■ The problem ■
Starting at the line that holds "West_Connex_table_standalone_version-1.jpg" and stopping at the line that holds "Affordable Fashion Glasses", restate the records below word for word, with both of those lines included.
═══ The input
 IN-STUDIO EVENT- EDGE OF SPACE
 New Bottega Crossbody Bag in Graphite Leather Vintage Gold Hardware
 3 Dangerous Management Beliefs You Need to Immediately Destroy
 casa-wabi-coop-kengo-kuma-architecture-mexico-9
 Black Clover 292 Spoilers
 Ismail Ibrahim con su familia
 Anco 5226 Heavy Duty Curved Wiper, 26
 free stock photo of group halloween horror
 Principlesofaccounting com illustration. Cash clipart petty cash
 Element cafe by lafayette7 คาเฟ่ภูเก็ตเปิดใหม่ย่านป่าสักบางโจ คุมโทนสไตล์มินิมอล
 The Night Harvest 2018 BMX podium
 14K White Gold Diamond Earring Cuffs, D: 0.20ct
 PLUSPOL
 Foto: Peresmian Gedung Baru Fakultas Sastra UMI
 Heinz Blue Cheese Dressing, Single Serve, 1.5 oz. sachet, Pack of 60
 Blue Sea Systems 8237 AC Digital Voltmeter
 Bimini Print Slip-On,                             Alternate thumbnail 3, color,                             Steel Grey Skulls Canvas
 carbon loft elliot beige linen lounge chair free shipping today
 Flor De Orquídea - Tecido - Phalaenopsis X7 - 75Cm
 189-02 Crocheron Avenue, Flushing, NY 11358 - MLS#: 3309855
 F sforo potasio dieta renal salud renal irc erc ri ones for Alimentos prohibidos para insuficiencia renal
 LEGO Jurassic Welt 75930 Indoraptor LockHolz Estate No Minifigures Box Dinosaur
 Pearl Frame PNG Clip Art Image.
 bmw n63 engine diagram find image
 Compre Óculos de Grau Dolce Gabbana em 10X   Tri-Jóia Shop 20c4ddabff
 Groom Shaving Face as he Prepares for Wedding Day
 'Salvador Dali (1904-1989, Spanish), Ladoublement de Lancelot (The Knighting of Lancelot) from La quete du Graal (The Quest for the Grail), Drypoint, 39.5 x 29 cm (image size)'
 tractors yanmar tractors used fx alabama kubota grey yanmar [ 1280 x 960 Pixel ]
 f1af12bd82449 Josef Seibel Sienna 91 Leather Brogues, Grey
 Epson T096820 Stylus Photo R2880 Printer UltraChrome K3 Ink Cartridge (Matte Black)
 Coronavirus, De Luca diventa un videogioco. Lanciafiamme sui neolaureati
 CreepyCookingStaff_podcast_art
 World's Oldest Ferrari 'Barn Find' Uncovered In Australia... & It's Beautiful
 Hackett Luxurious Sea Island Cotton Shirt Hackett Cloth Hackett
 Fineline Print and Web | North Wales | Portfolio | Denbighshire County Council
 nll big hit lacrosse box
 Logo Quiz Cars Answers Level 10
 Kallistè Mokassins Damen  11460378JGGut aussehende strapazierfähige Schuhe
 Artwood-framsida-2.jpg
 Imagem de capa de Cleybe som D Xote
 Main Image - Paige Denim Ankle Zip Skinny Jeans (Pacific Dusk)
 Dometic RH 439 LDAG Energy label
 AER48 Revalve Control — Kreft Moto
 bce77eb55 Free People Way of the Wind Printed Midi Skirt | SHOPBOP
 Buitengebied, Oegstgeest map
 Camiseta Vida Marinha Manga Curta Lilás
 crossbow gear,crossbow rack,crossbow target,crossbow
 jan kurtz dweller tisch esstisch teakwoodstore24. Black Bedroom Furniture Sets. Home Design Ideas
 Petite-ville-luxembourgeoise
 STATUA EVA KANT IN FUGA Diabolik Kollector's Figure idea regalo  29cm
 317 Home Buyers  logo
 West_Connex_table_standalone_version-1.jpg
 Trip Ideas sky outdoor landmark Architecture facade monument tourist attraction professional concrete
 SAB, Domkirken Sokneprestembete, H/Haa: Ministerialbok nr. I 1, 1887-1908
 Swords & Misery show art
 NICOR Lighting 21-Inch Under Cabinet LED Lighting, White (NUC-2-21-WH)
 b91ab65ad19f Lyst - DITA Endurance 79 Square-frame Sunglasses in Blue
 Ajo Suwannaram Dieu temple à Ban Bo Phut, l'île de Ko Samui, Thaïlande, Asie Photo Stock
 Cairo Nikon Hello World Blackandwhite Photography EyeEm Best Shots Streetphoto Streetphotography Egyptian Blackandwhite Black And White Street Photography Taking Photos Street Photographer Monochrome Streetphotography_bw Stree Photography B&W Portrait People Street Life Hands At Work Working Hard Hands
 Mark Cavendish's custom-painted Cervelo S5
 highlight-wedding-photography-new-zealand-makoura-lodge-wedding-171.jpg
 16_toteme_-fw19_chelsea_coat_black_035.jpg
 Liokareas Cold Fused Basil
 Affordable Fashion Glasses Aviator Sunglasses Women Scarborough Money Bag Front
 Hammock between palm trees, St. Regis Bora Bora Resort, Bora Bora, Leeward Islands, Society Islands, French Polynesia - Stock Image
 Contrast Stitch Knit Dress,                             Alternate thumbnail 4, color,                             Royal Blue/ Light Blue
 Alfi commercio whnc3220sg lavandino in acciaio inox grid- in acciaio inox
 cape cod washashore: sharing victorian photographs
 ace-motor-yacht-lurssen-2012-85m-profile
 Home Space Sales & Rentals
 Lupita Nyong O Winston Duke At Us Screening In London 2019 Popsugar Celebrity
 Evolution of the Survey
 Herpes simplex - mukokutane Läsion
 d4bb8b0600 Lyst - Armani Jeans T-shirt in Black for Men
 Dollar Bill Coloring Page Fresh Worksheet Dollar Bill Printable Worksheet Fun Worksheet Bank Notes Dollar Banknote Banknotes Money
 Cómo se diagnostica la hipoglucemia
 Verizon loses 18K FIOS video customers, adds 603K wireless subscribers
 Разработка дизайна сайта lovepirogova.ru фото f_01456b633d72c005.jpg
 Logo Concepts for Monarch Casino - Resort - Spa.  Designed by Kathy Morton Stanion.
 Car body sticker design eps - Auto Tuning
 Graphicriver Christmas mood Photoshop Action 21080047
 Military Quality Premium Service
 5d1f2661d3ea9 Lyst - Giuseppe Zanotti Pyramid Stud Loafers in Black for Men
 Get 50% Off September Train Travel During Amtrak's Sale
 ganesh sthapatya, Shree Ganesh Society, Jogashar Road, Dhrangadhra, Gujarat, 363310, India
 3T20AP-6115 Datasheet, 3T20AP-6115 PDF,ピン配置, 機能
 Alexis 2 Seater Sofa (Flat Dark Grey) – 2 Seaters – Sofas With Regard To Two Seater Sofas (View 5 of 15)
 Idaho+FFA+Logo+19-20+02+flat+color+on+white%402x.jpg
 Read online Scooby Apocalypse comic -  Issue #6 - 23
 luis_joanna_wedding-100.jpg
══════
■ Exercise solution ■
 West_Connex_table_standalone_version-1.jpg
 Trip Ideas sky outdoor landmark Architecture facade monument tourist attraction professional concrete
 SAB, Domkirken Sokneprestembete, H/Haa: Ministerialbok nr. I 1, 1887-1908
 Swords & Misery show art
 NICOR Lighting 21-Inch Under Cabinet LED Lighting, White (NUC-2-21-WH)
 b91ab65ad19f Lyst - DITA Endurance 79 Square-frame Sunglasses in Blue
 Ajo Suwannaram Dieu temple à Ban Bo Phut, l'île de Ko Samui, Thaïlande, Asie Photo Stock
 Cairo Nikon Hello World Blackandwhite Photography EyeEm Best Shots Streetphoto Streetphotography Egyptian Blackandwhite Black And White Street Photography Taking Photos Street Photographer Monochrome Streetphotography_bw Stree Photography B&W Portrait People Street Life Hands At Work Working Hard Hands
 Mark Cavendish's custom-painted Cervelo S5
 highlight-wedding-photography-new-zealand-makoura-lodge-wedding-171.jpg
 16_toteme_-fw19_chelsea_coat_black_035.jpg
 Liokareas Cold Fused Basil
 Affordable Fashion Glasses Aviator Sunglasses Women Scarborough Money Bag Front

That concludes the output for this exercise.